Spirit of Gallo’s High Noon is expanding into the hard iced tea market with a new variety pack, the first non-carbonated offering from the spirits RTD giant. High Noon’s vodka teas are rolling out now across the U.S. and come in four flavors—original, peach, raspberry, and lemon—all at 4.5% abv and 90 calories per can. The 8-packs, the exclusive debut for the vodka teas, carry a suggested retail price of $20. The move comes following an explosive few years for High Noon, which has rocketed ahead of all other spirits brands in the U.S. Last year, High Noon was up 33.5% to 21.9 million cases, according to Impact Databank. As recently as 2019, the brand was under 1 million cases.

After becoming the largest spirits brand in the U.S., the brand team took a step back to assess future plans, Britt West, executive vice president and general manager, Spirit of Gallo, tells SND. “We put forth a lot of different ideas of everything from way far out innovation to kind of closer-in innovation,” he says. “One of the interesting things that came back was that High Noon really stands for premium in the RTD space and it stands for good times in a low-abv situation.” He adds that Gallo’s insights showed that consumers didn’t see High Noon as exclusively tied to sparkling drinks or as a hard seltzer replacement.

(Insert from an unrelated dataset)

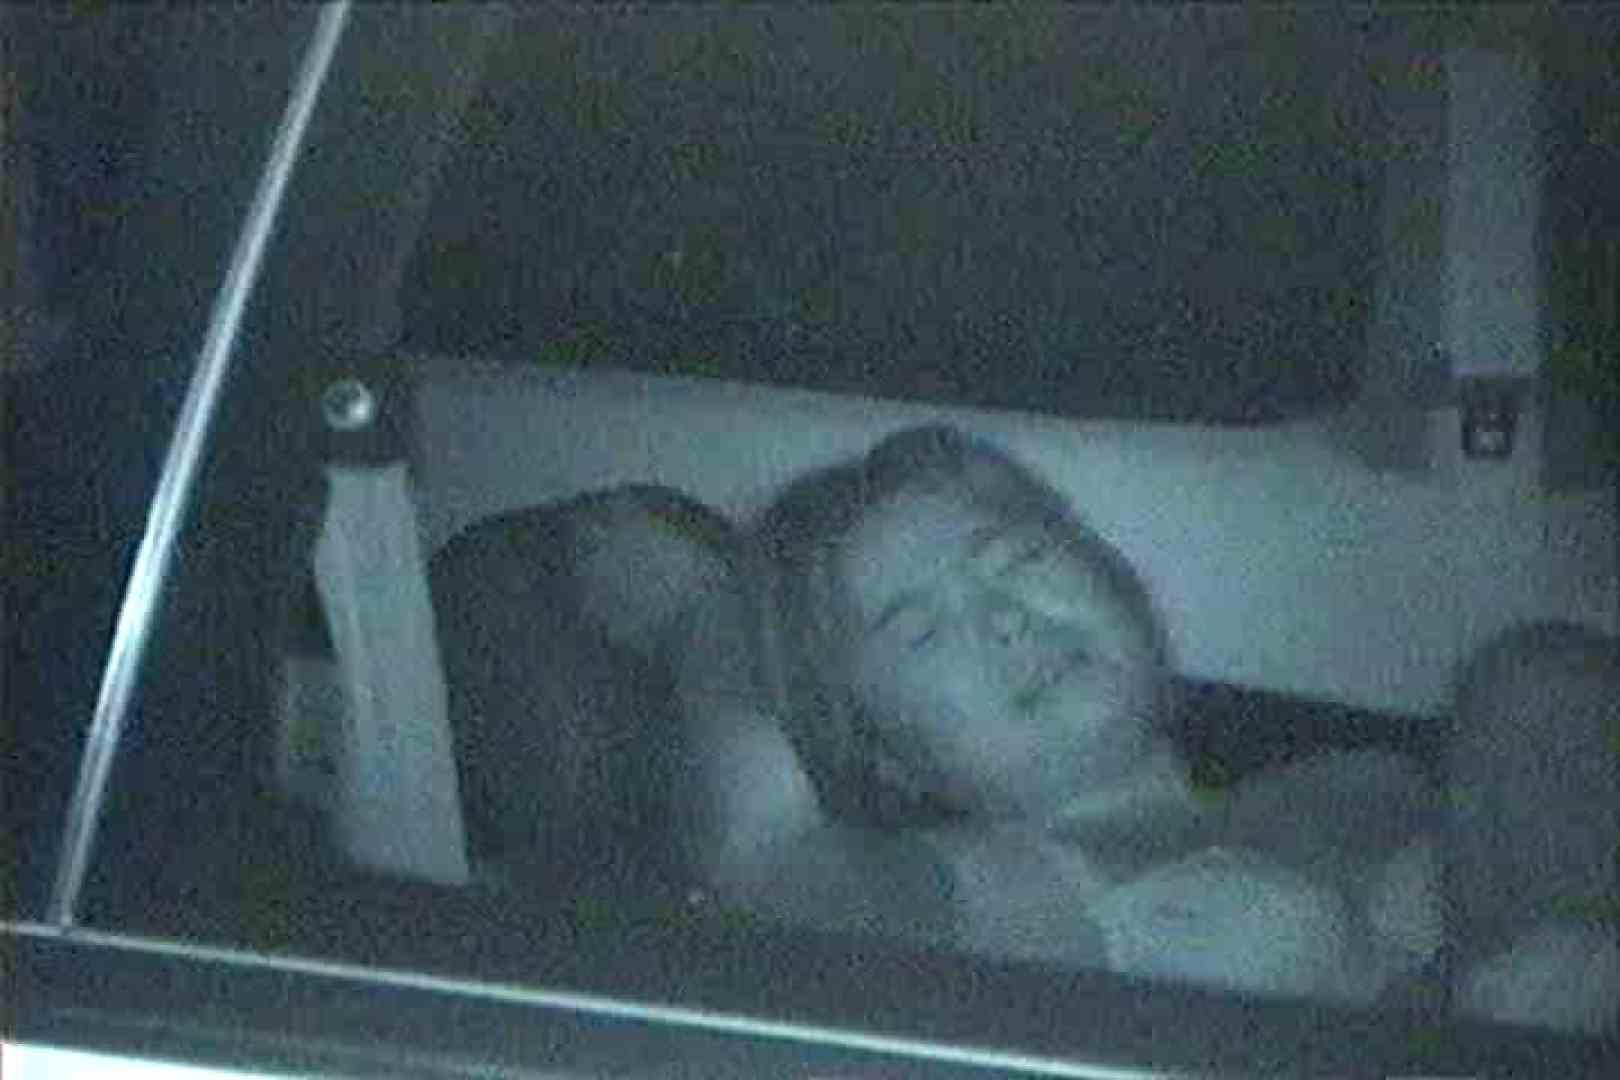 車の中はラブホテル 無修正版  Vol.24 車 スケベ動画紹介 56pic 52

This latest innovation, says West, is an opportunity to premiumize the hard tea category, which is largely dominated by malt-based drinks like Twisted Tea. “There’s a consumer out there that is looking for non-carbonation and they turn to tea a lot,” he says. “A lot of the other teas on the marketplace, of course, have either an artificial sweetener or they’re loaded with sugar.”

High Noon’s hard teas are rolling out now and should be available on retail shelves across the U.S. in the coming days with a major push leading to the Memorial Day holiday. For the wider High Noon brand, the plan is to continue what’s worked. “An expansion with the PGA is a major piece of our activation plan for the summer,” says West. Additionally, the brand recently launched a new ad campaign featuring “High Noon Lifestyle Guards,” specializing in solving summer problems like an empty cooler or a deflated pool toy.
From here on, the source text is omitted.